We are beings born in love.
I was born in love.
My mother beamed with joy when she saw the cuteness that is hers and her husband.
I grew up a brilliant child who understood then that love comes in different forms but it never hurts.
My first heartbreak I cannot remember now but I thought it was grand and I would never love again.
The second happened and I thought my world ended.
“How dare you cheat on me?”
“You are not my type, that's why.”
That taught me that alas people claim to love those who aren't even their types.
The third heartbreak was so callous. I was bleeding on someone who did not cut me at first. He saw my wounds and decided to dig deeper.

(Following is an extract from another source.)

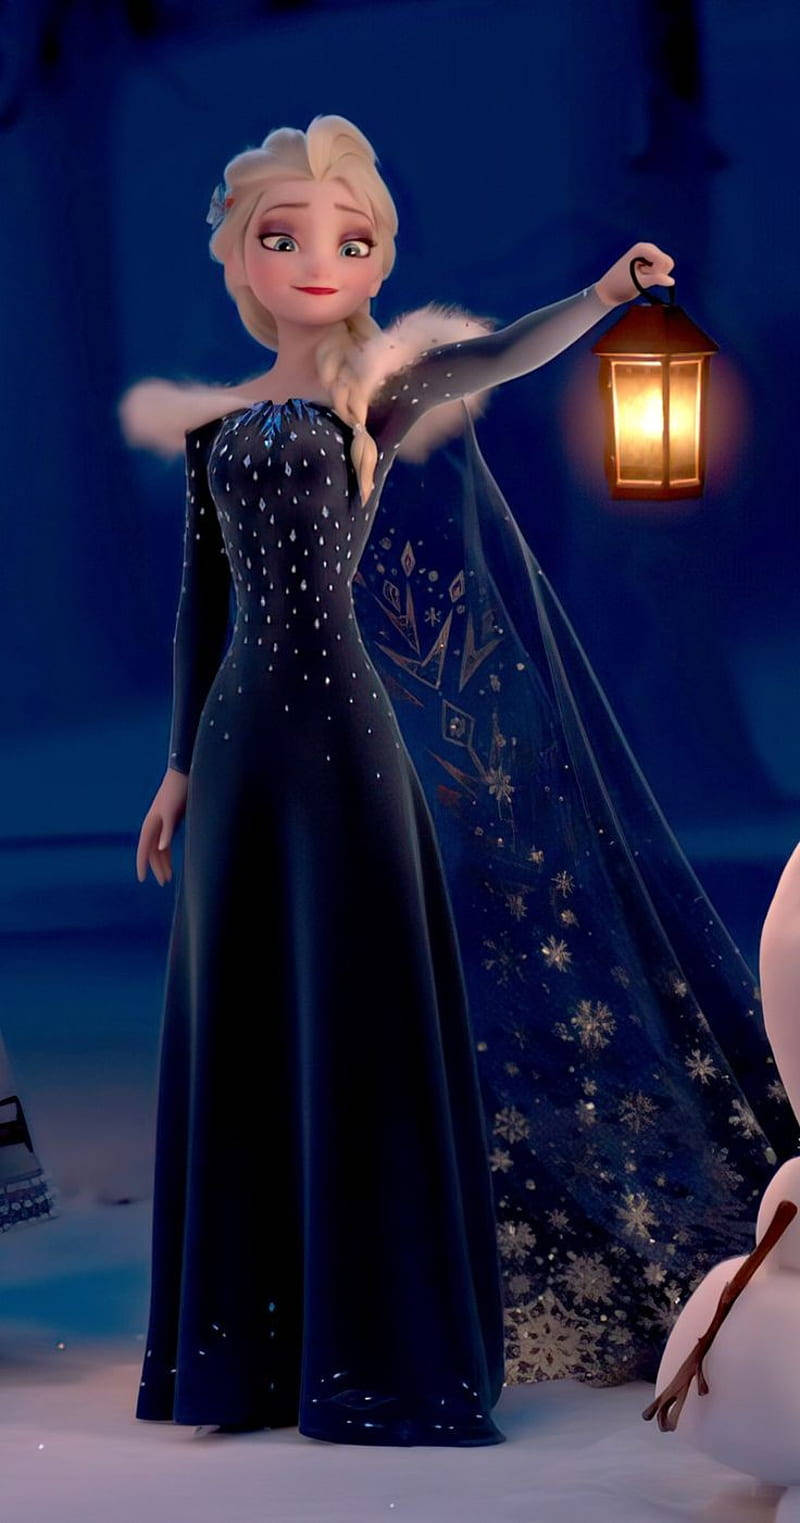 Elsa With Lamp Frozen 2 Wallpaper

I remember I bathed with ice cold water so my heart would freeze in the bathroom and I would die.
I didn't die. Haha. I wrote so much. I have journals filled with the hurts nobody knew I was enduring.
Writing healed me.
Somehow he's receiving his karma. All of them are tbh and it isn't because of me.
The fourth heartbreak very fast, very confusing, teary, and ugly, but understandable.

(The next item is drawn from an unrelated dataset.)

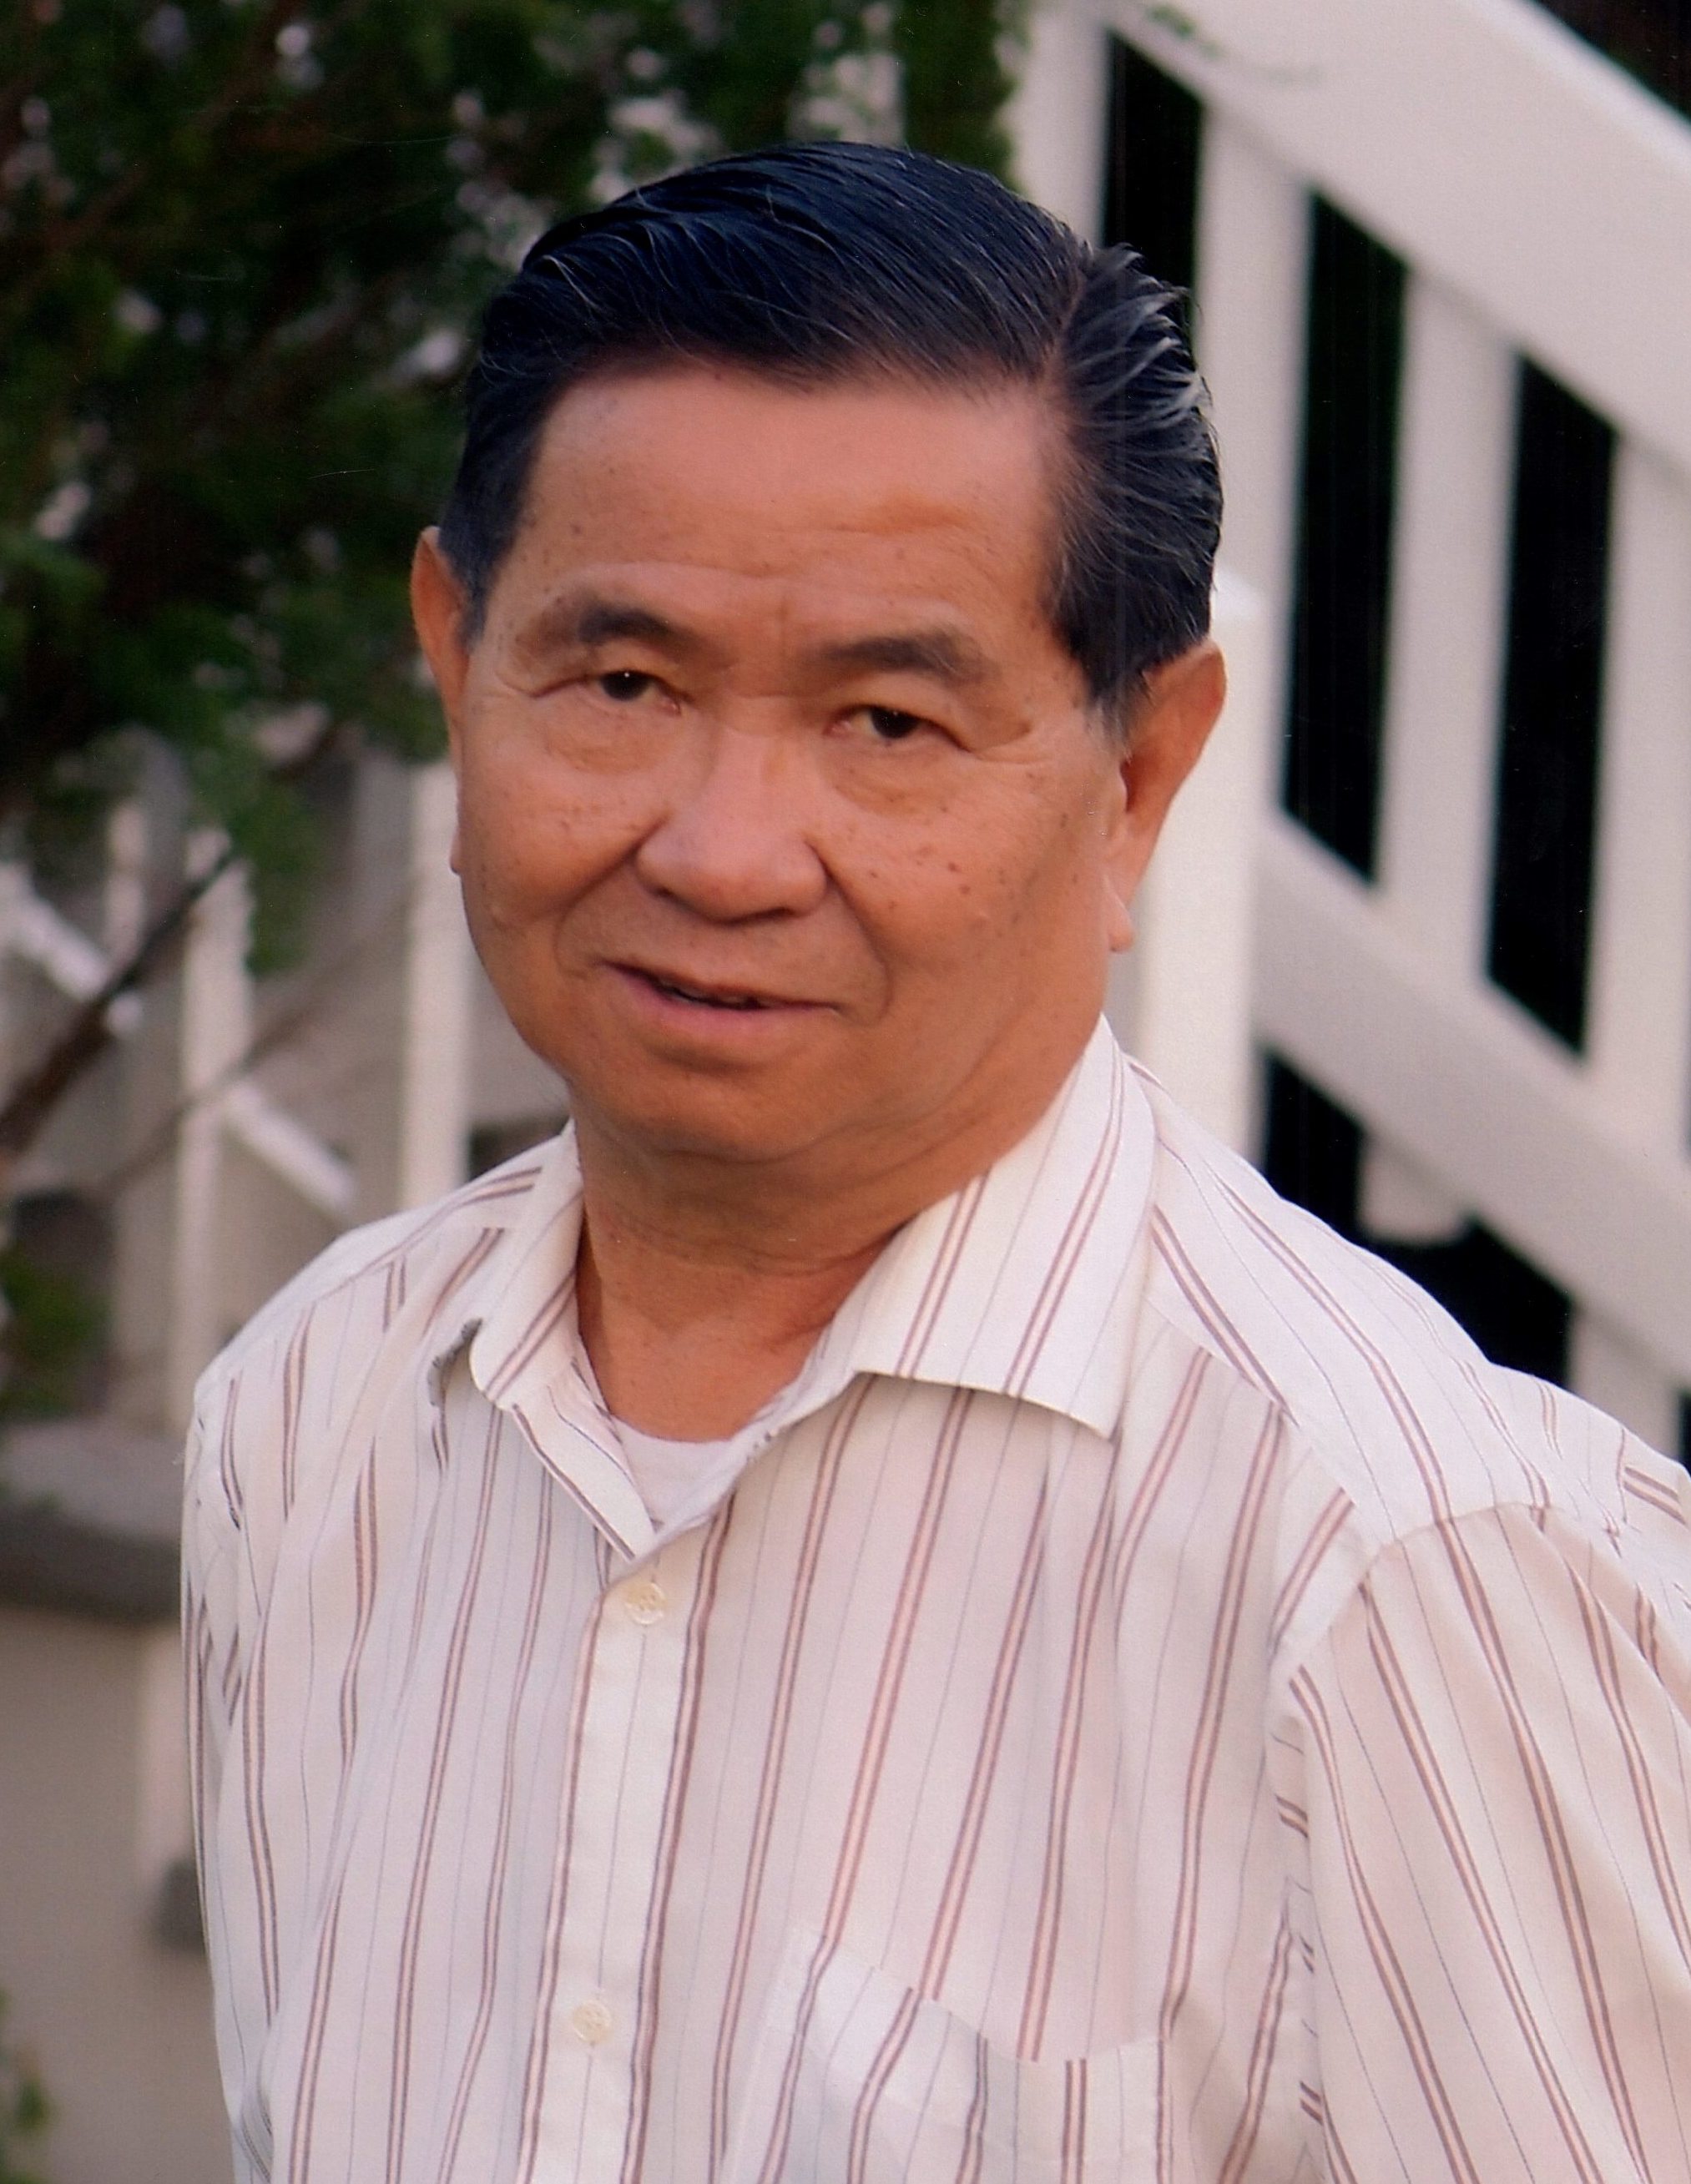 Mr. Ting Sheng Wong

Each heartbreak tho has birthed a different me that makes me think they were necessary.
It goes beyond character development. It develops my audacity to be callous when necessary, sweet when necessary, read the room, and call out bullshit.
In another way I am not sure I was entirely heartbroken. Somehow, they felt like liberation.
Currently the world sometimes feels like one big porn show.
The desires of men and women stretching and circling within the boundaries of sexual things.
More products this, more products that.
Married people openly cheating. Relationship people doing their own.
It makes me wonder what can be defined as “heartbreak,” today.
It doesn't matter because we are beings of love. Full of love to heal ourselves and others.
Full of love to listen.
To hold and to mend.
That's a gift many lack.
There are not beings of love so they take, they hurt, and try to destroy to fill the void in them.
Still they marvel at this being born in love and how they take every hurt and create a beautiful garden.
We are not synonyms of wilt. We've become synonyms of blooming in the different stages blooms occur.
Which leaves me to wonder if heartbreak is a blessing to he expected or a nuisance that occur?
Which is it for you?
For me it makes it all profound that everything is an experience. We do not belong to anybody except we choose to. And when we make that choice it ought to be backed daily by multiple actions that convince them each day.
A fun-loving game if you ask me.
I am so excited that today is January 31st. It is my last day at this job that has stretched me so much. I am excited for the new phases February brings me with my training as a Project and Campaign Manager.
I am excited for the growth of my freelance business as well. My growth in coding as well.
My current hobby holding me down is doodling. It is so lovely to doodle till your hands hurt. Thanks to the gift Oyin gave me on my glasses deliveries. I've used that notepad sm.
Tata!
as my Pookie would say!
I wish you my readers wellness of mind and body.